Prompt, empirical treatment is imperative for non-immunocompetent subjects such as preterm neonates, since Candida-associated mortality is as high as 38% and rises to 50% in those who start antifungal therapy more than two days after the first positive blood culture. (15)

It is useful to underline once more that –either in the case of targeted treatment or of empirical treatment – the preferable antifungal drugs must have significant activity against biofilms, as well as activity against C. glabrata, C. tropicalis and C. krusei, i.e. the species that may survive prophylactic fluconazole

Historically, the first options in the treatment of neonatal ICI have been –and currently are- fluconazole and amphotericin B. Indeed, their use in neonates is hampered by lack of sufficient pharmacokinetic data (PK) which gives rise to a risk of inappropriate response to treatment. Moreover, these two drugs carry limitations both in efficacy and in putative toxicity.

Fluconazole is poorly active against some Candida spp. strains that are quite frequently retrieved from neonates (e.g., C. glabrata and C. krusei). In addition, it is not reasonable to use such an azole for treatment in all cases in which it has already been used for prophylaxis: if prophylactic fluconazole failed, it is highly unlikely that therapeutic fluconazole can work. Or –at the very least – it is not appropriate to run this risk, since a “wait-and-see” approach is not correct in such a severe disease. (16)
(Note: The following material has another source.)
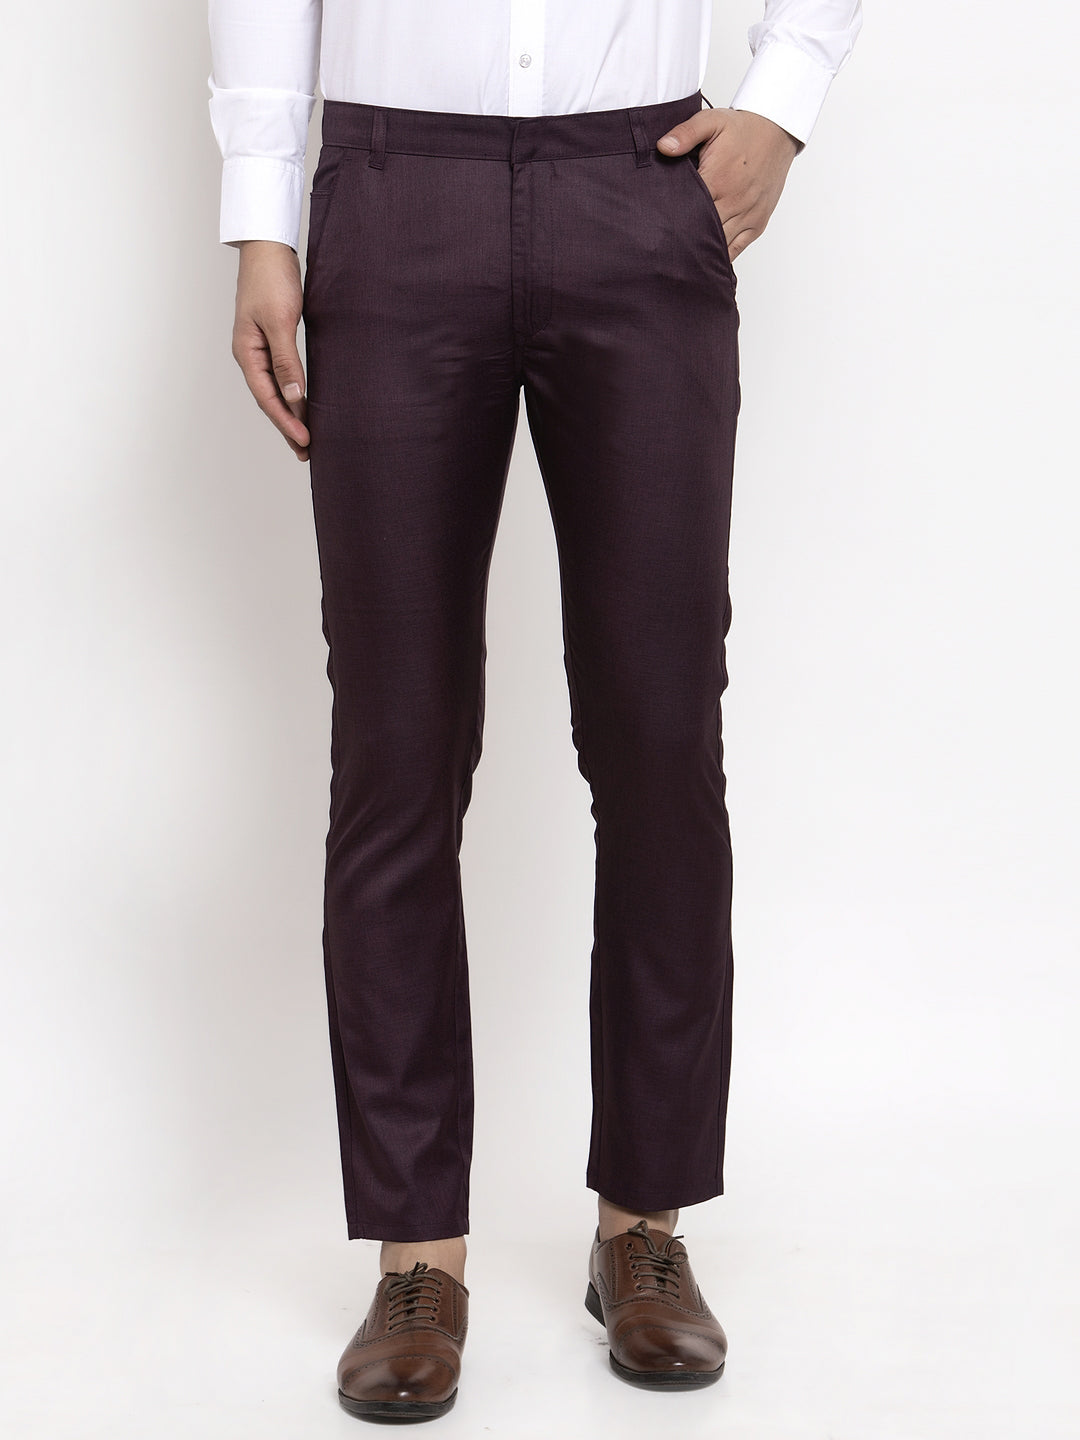 Men's Purple Cotton Solid Formal Trousers ( FGP 258Purple ) - Jainish

On the other hand, amphotericin B would be a reasonable first-choice option as empirical treatment for a VLBW neonate with clinical deterioration and signs of sepsis who does not respond to the optimum antibiotic empirical treatment. (2)

However, in spite of some reassuring data, (17) amphotericin B has some renal and bone marrow toxicity that has never been subjected to well-designed, prospective safety trials in neonates.

Recently, new therapeutic alternatives have drawn the neonatologists’ attention. The Echinocandins (Caspofungin, Micafungin, Anidulafungin) are a new class of antifungal drugs with characteristics that might better meet the needs of this particular population of patients. These products are broad-spectrum antifungal agents that have been shown effective for treatment of invasive aspergillosis, oesophageal candidiasis and other invasive Candida infections in adults, and (for Micafungin) in children including infants. (18) Moreover, their safety profile is reported as more favourable than conventional or liposomal amphotericin B, with less drug-related adverse events, less infusion-related events, and less nephrotoxicity. Recent new data confirmed this overall good safety profile for Micafungin. (19,20) Echinocandins have therefore become an attractive option for first-line treatment in all paediatric and neonatal patients affected by Candida and/or Aspergillus systemic infections, and – as a matter of fact – Micafungin is, as-of-today, the only antifungal drug authorized for neonatal use by the EMA – European medicines agency. (21)


Management and prevention of neonatal ICI is a challenge for every neonatologist.

Specific education and skills are required to properly address diagnostics, use of laboratory information, and choice of the correct antifungals, timing and duration of treatment.

Nonetheless, most ICI could be avoided if only prophylaxis with fluconazole could be instituted in every high-risk neonate, or neonatal setting.

Clearly, advocacy for such objectives needs to become inherent to the mission and to the ethical approach of all neonatologists and neonatal nurses.